First Prize Winner, Future Prentice competition (click images for larger view

At a sold-out event at the Chicago Architecture Foundation last night, the announcement of the winners in the Chicago Architectural Club's 2012 Chicago Prize Future Prentice competition marked the opening of an exhibition, handsomely mounted by CAF's Kate Keleman, of the issues surrounding the battle to save Bertrand Goldberg's Prentice Hospital, Reconsidering an Icon: Creative Conversations About Prentice Women's Hospital.  Competition winners are on display, and you can also view all of the entries, both at CAF, and on-line, here.
Demolished Additions, Second Prize winner by Noel Turgeon and Natalya Egon
From the time I've been able to spend with the submissions so far, I can say that the entries are of an extraordinarily high quality, balancing both the deeply researched and the extremely creative, often in the same concept.

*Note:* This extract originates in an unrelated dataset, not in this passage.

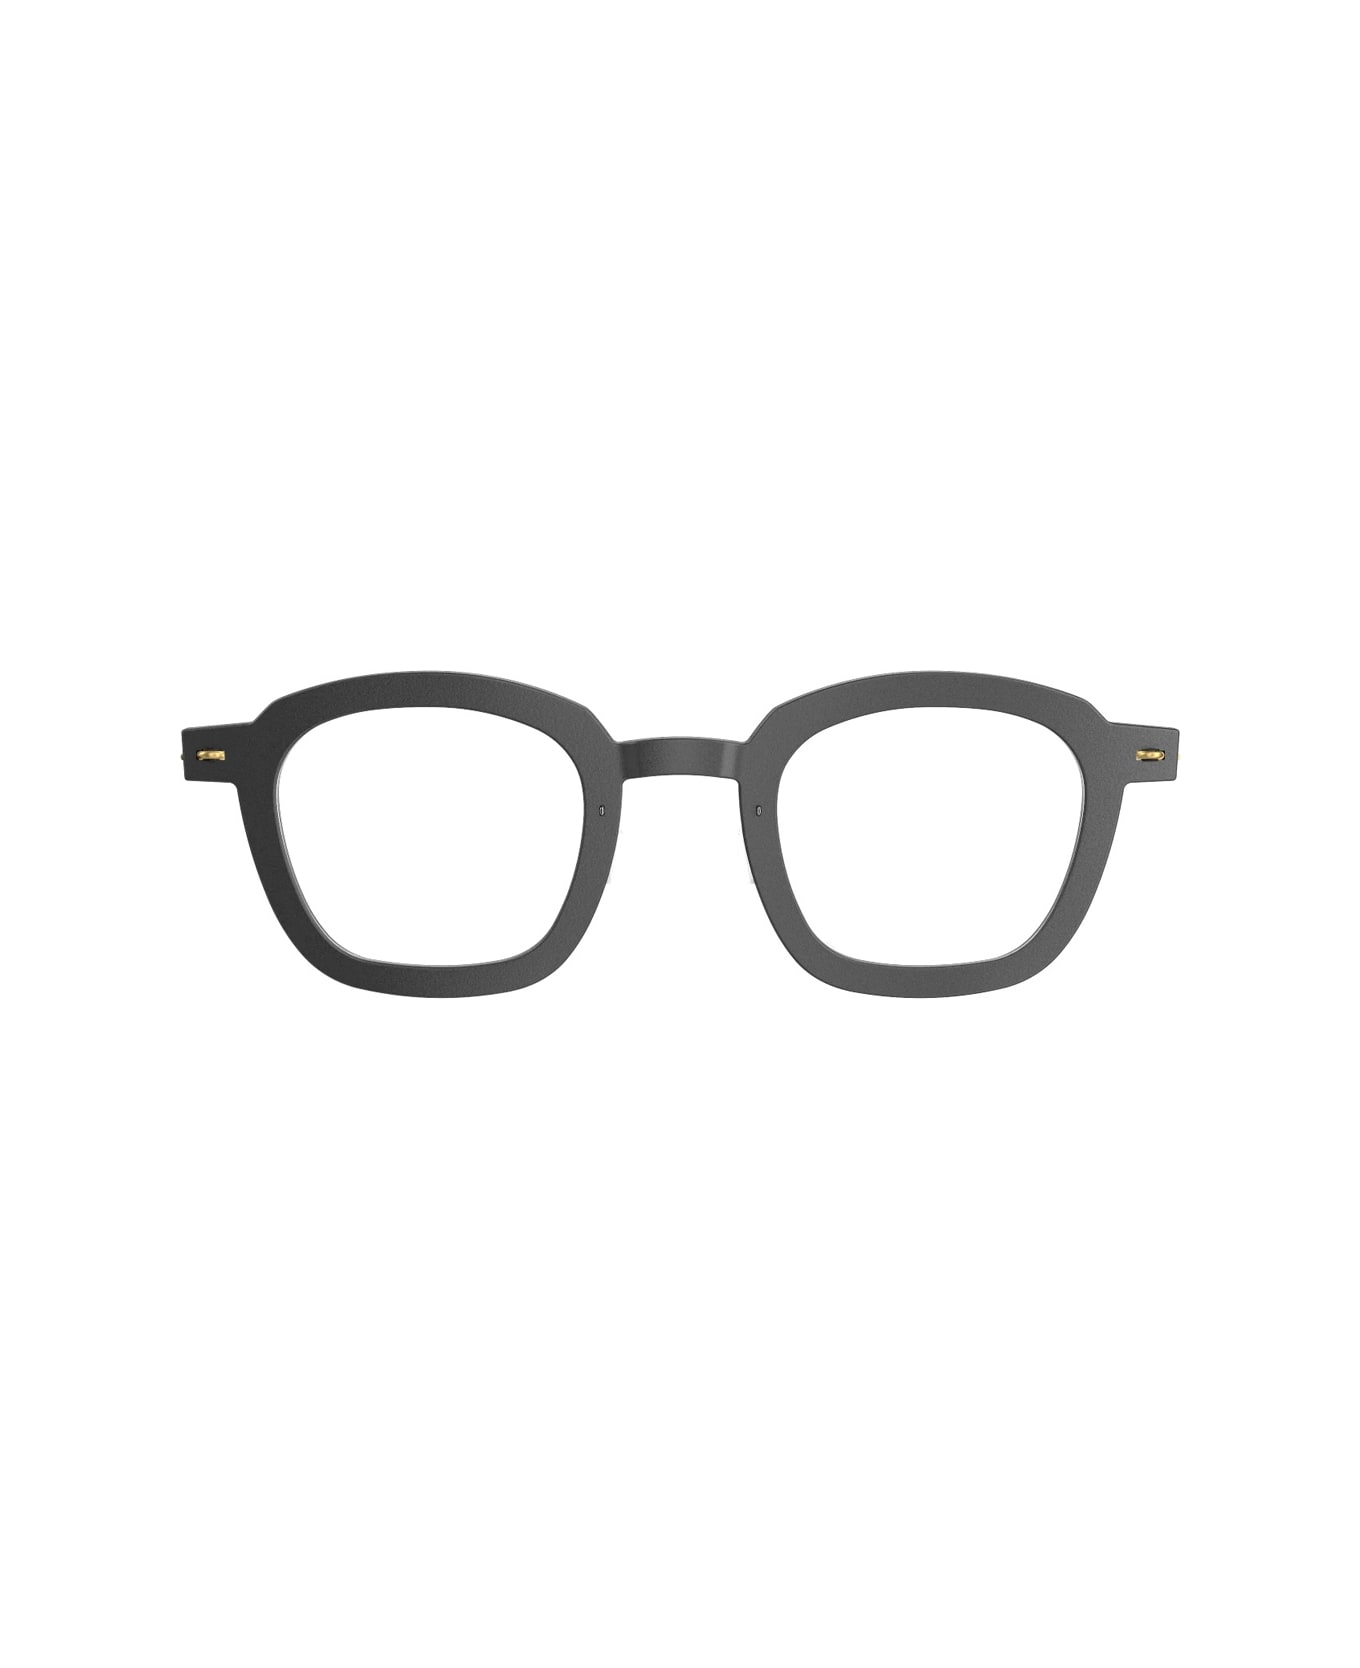 LINDBERG N.o.w. 6587 D16 - Pgt Glasses - Nero

Chicago Architectural Club Co-Presidents
Brian Strawn and Karla Sierralta
In addition to ten invited participants, the competition received 71 entries from 13 countries.  In addition to the CAC and CAF, the exhibition was co-sponsored by Chicago Bauhaus and Beyond. and AIA Chicago, whose Executive Vice President (and competition juror) Zurich Esposito announced the winners, which included an Honorary Mention, First, Second and Third prizes.

Juror Martin Felsen talked about what motivated the eight-member jury in selecting the competition's winners . . .
We met after Mayor Emanuel gave the big thumbs down for the survival of Prentice.  So that really affected our thinking, our mood, and how we judged the winners.
Martin Felsen
Innovation really had to be at the core of the ideas.  Practical solutions, while greatly appreciated - and awarded prizes in certain cases - were in a sense secondary to the idea that there's a kind of disciplinary innovation that had to be pushed ahead, and that was a direct result of the decision that was rendered by the Mayor.   We went away from saving Prentice, in a sense, to around it - ideas in general. The jury also discussed how these proposals could add real value to the health care sector in terms of innovation.

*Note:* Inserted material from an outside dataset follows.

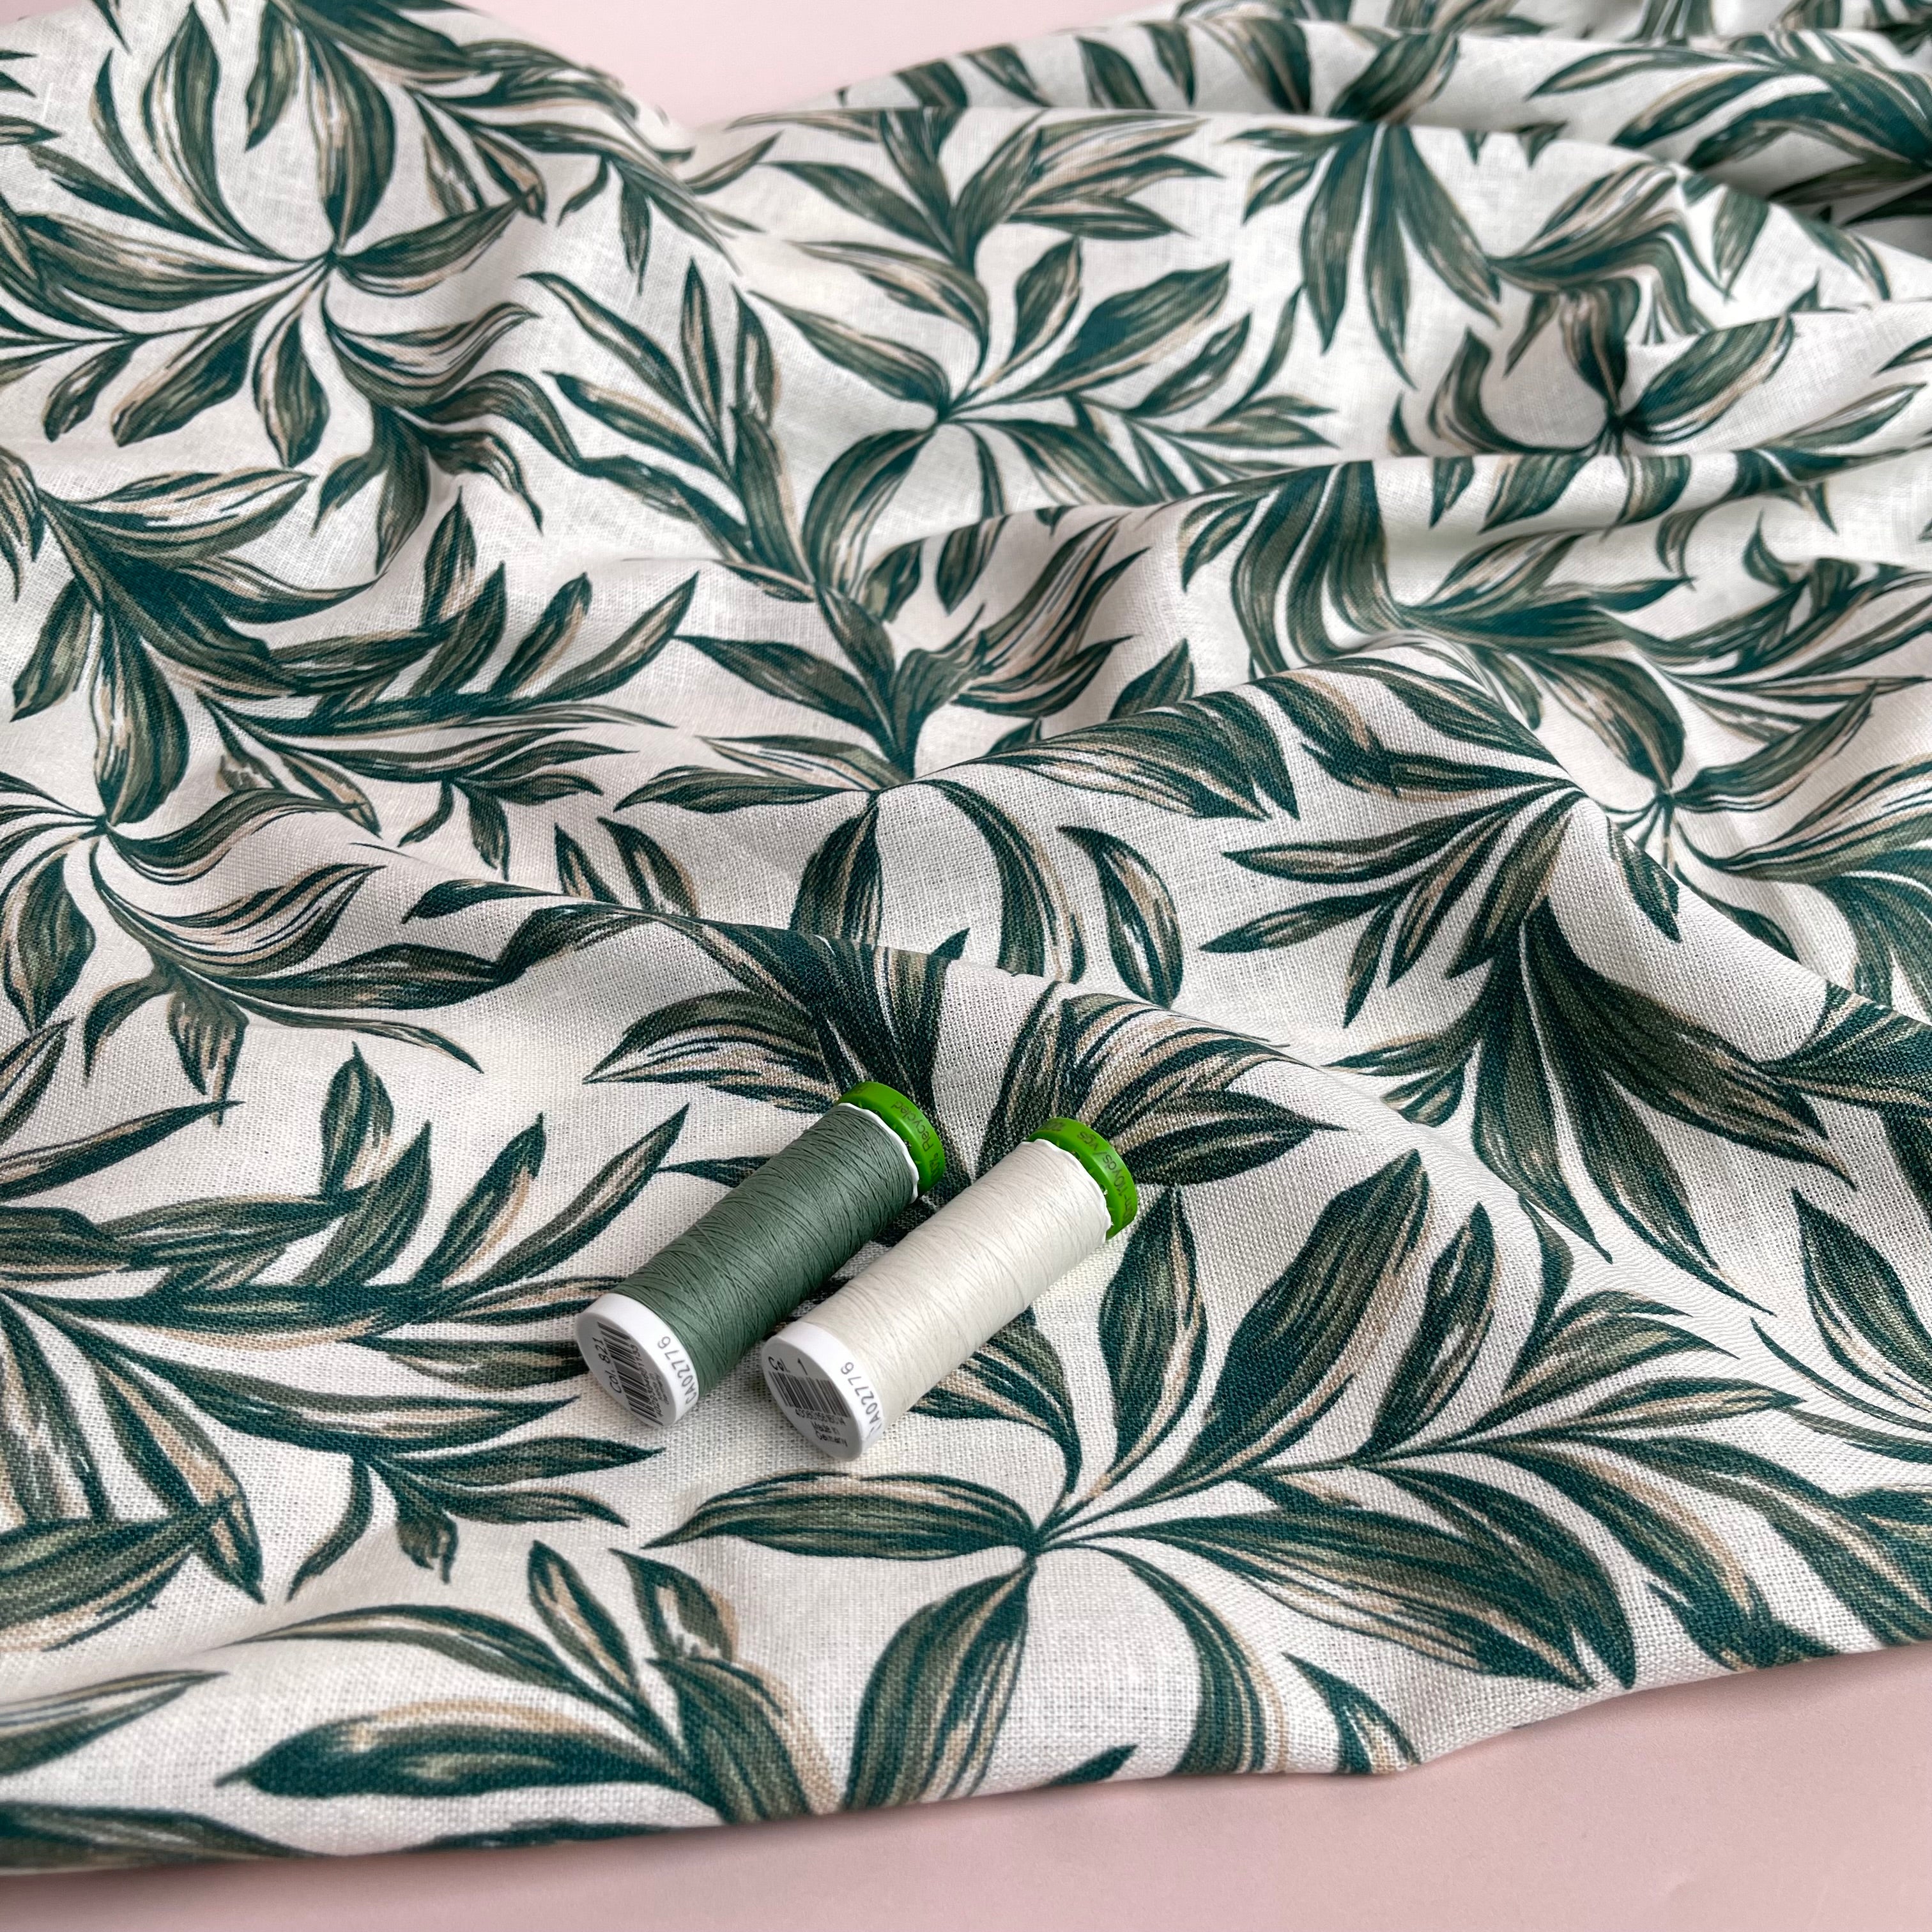 Leaves on Ecru Washed Linen Viscose Blend Fabric

A big conversation - maybe the biggest conversation - was around the idea of a master plan and how a master plan maybe could have solved this whole problem in the first place.  Several of the proposals we see up here tried to repurpose Prentice as the heart of the Northwestern campus, highly connected between all of the different buildings and spaces in the neighborhood.  And on a more practical level, we just thought that a master plan that thought about the building itself, not as something to tear down or replace, but as something at the center of the campus, could have given a whole new meaning and function to the building as a place that the community could be centered on.
The First Prize winner, whose name draws on the work of word artist Robert Montgomery, was The Buildings are Sleeping, You Should Go and Wake Them Up, She Says, by designers Cyril Marsollier and Wallo Villacota.  Their proposal saves the foremost half of Goldberg's concrete cloverleaf, and builds Northwestern's new Research Lab behind it, in a way that the surviving half of old Prentice becomes whole when reflected in the glass curtain wall of the new structure behind.


badly shot video alert

Marsollier talked about the entry . . .
I think we really approached this project from a very pragmatic way.  I think we felt tied to the situation of losing Prentice.  That idea was frustrating in some ways, and so we really wanted to approach this project in a way that was a very real solution in our heads of how we can deal with this problem, as well as preserving the iconic imagery of the building.  Even walking by it how, it's extremely powerful, so I think that was  key to the whole project.
The new building is intersecting the existing structure halfway through and there's this reflecting facade that reflects the entire building.  The new building functions all by it itself, self-sufficient.      At the same time, we were trying to make sure that the existing structure and the new structure would kind of give each other different but shared values.

. . . We wanted to make sure that Northwestern could find its own reasons to keep the building for itself. . . 
Good luck with that.  In an article in Architectural Record,  spokesman Al Cubbage told reporter Fred A. Bernstein that Northwestern refuses to even look at the proposals.  With Mayor Rahm Emanuel safely stuffed in their back pocket, and all but one of the members of the Landmarks Commission little more than puppets to Emanuel's machinations, the courts are the only remaining check on Northwestern's arrogance and power.  Yesterday, Circuit Court Judge Neil Cohen issued a temporary stay of the Landmark Commission's revocation of the preliminary landmark designation it had unanimously granted Prentice less than two hours before.  The next hearing is scheduled for December 7th.
You can see all the winning entries on the CAC's website hereReconsidering an Icon: Creative Conversations About Prentice Women's Hospital is currently running in the Lecture Hall of the Chicago Architecture Foundation, 224 South Michigan.  Bertrand Goldberg's Prentice Hospital - the actual building - is running at its original site, 325 West Huron, at least through December 7.  Extensions are uncertain; see it while you can.